__Data section__
◇ ◇ ◇
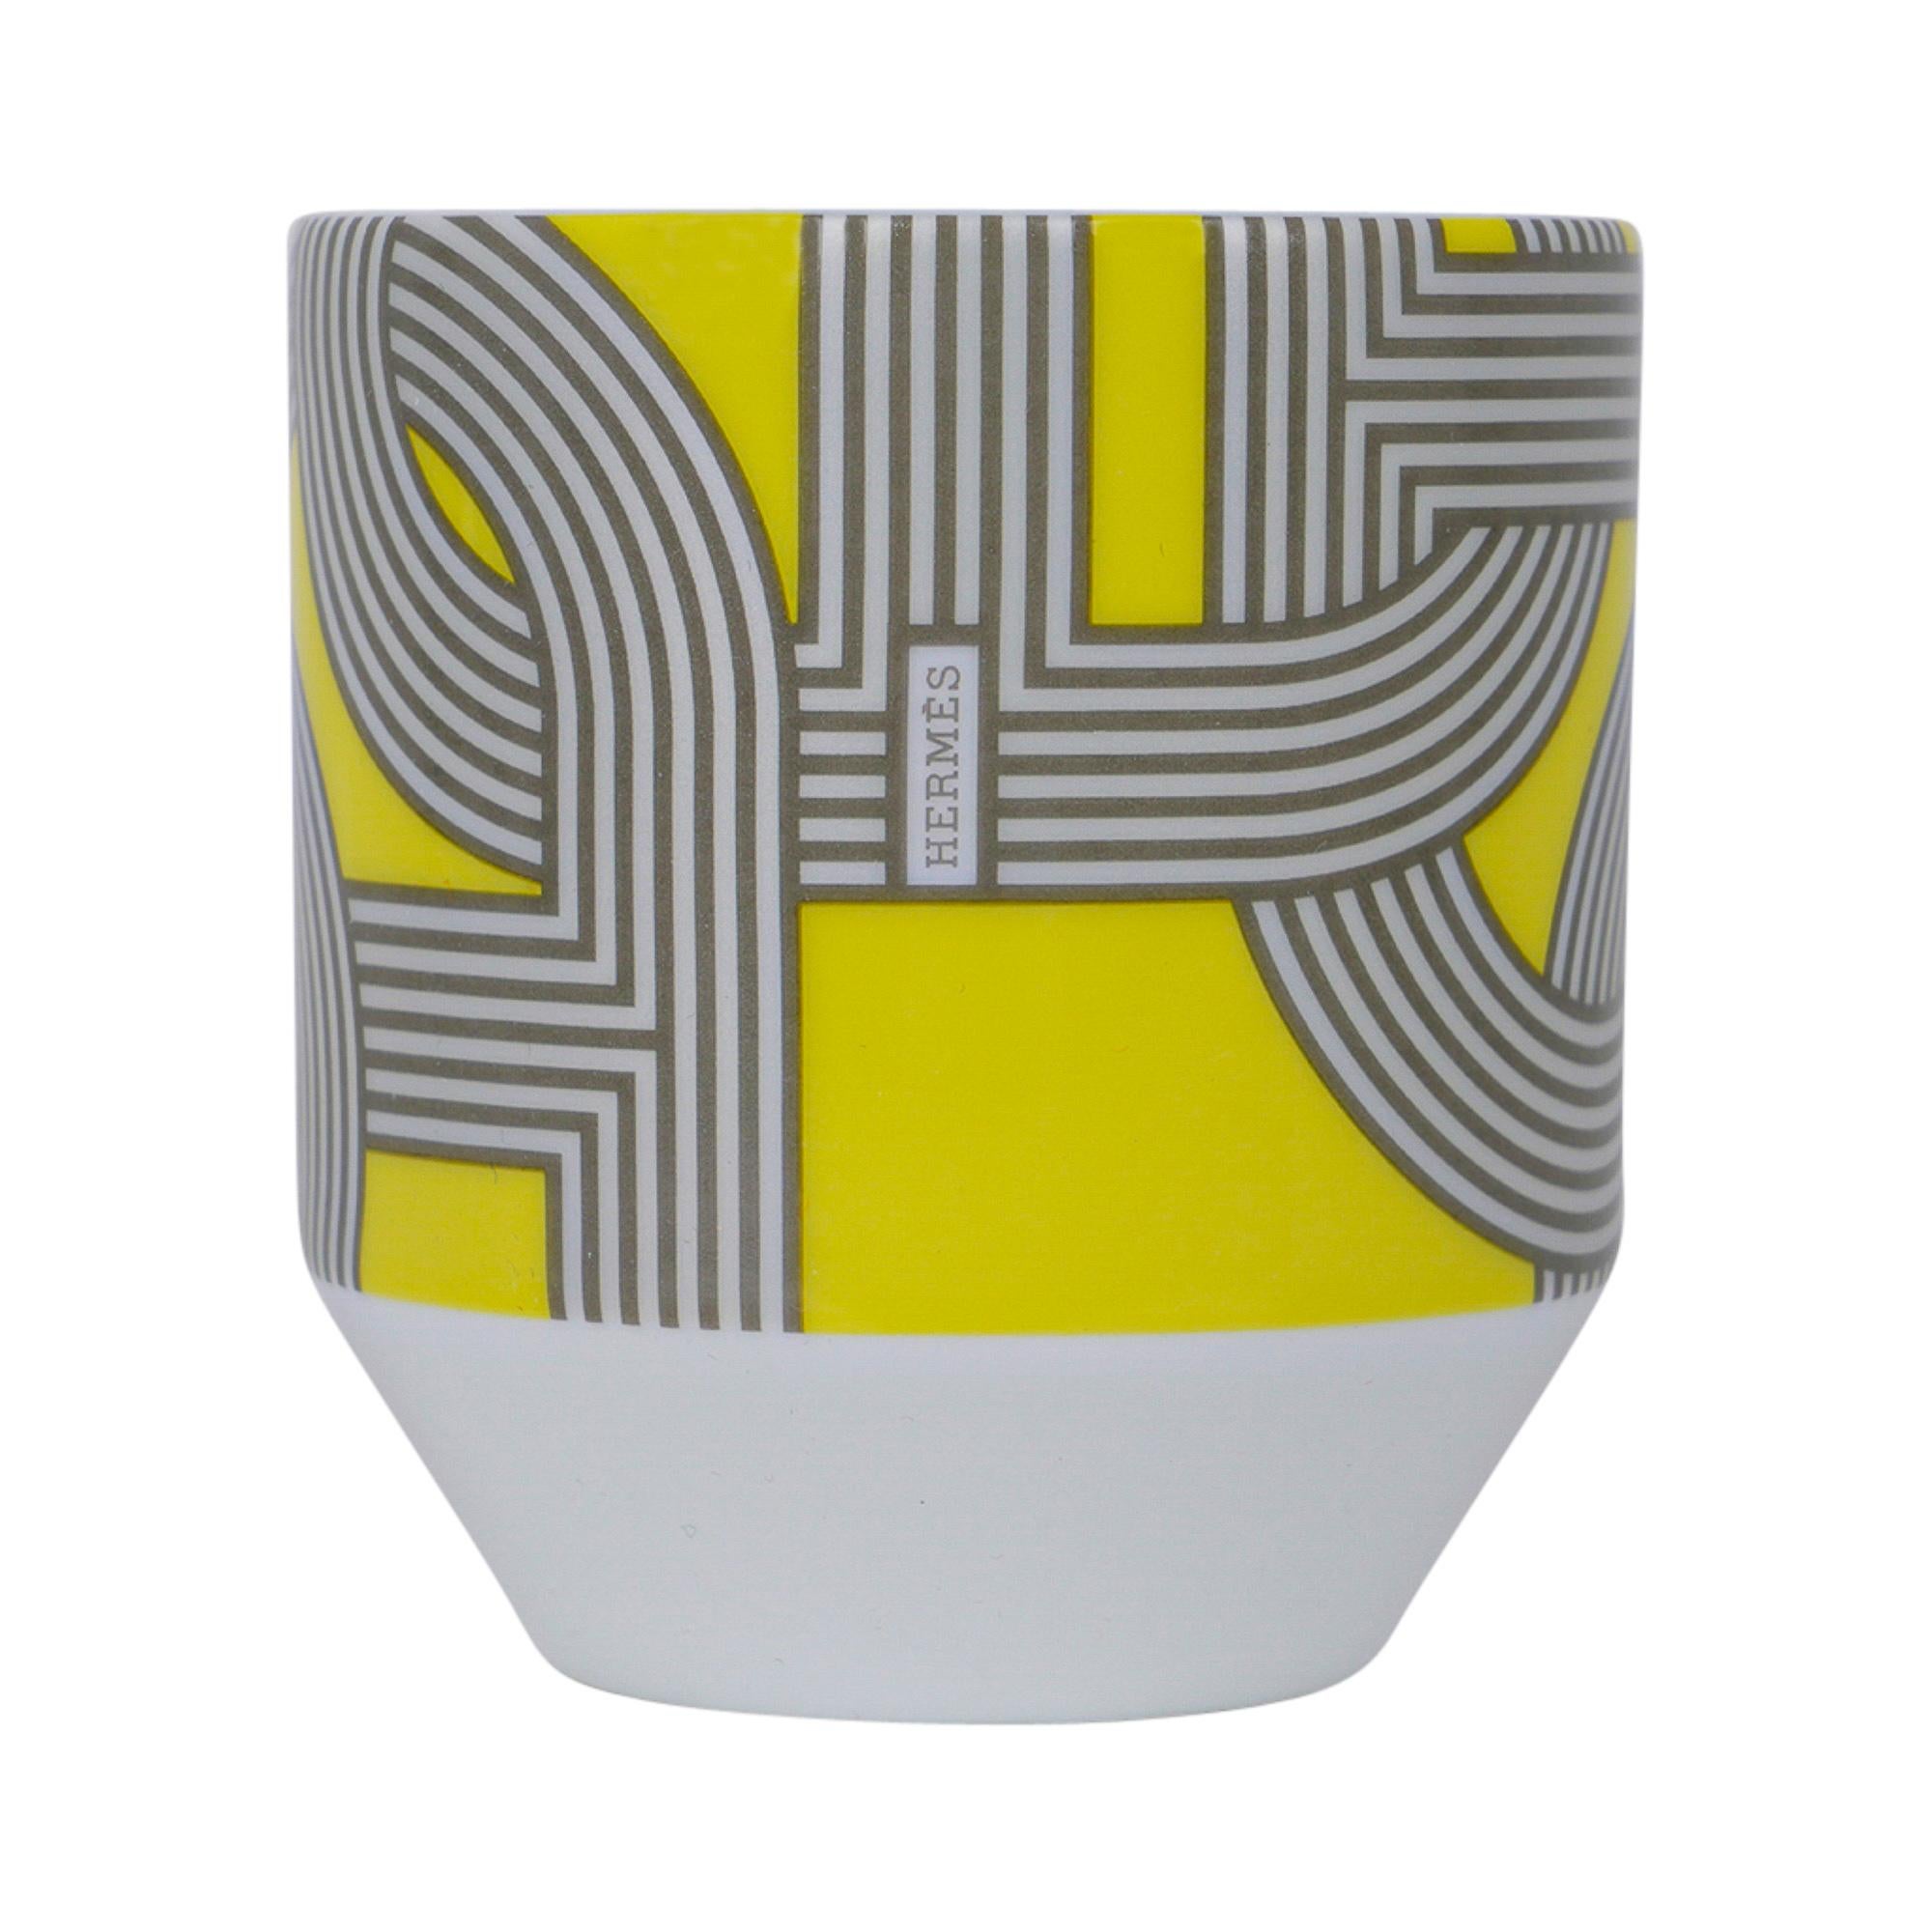 Guaranteed authentic Hermes Rallye 24 Tumblers Limoge Porcelain set of 6.
This beautiful and colorful porcelain Hermes tea set creates a perfect setting for any table.
Design inspired by the Chaine d'ancre here it changes into a racetrack with
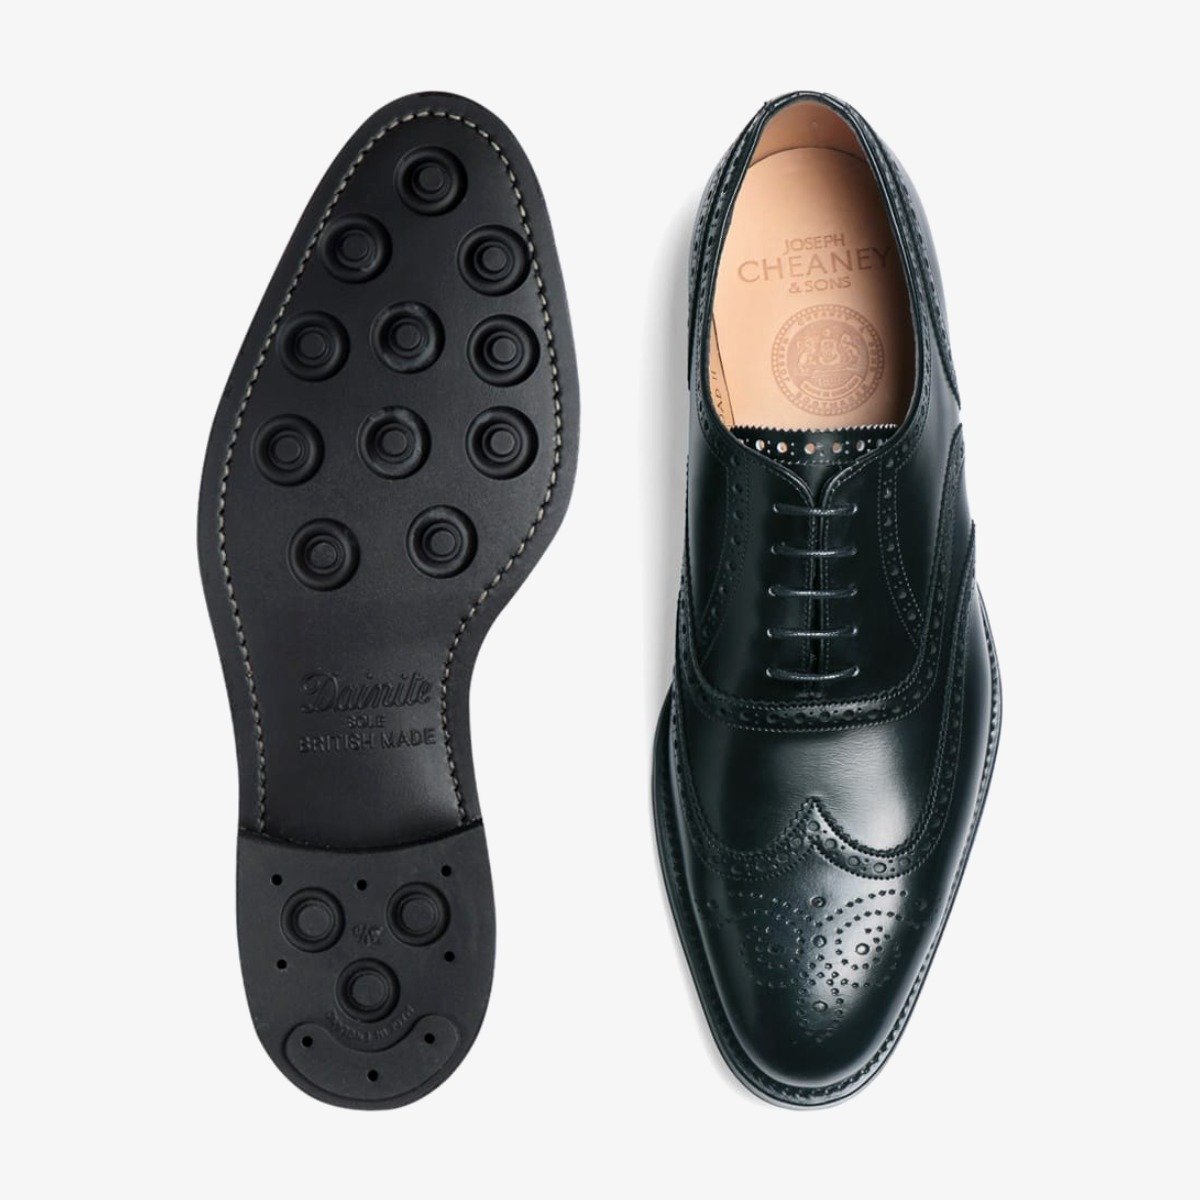 Cheaney Broad II black brogue men's oxford shoes - rubber soles
◇ ◇ ◇
__Assignment__
Please output the material above unchanged, apart from removing the pictures.

__Written response__
 Guaranteed authentic Hermes Rallye 24 Tumblers Limoge Porcelain set of 6.
This beautiful and colorful porcelain Hermes tea set creates a perfect setting for any table.
Design inspired by the Chaine d'ancre here it changes into a racetrack with
 Cheaney Broad II black brogue men's oxford shoes - rubber soles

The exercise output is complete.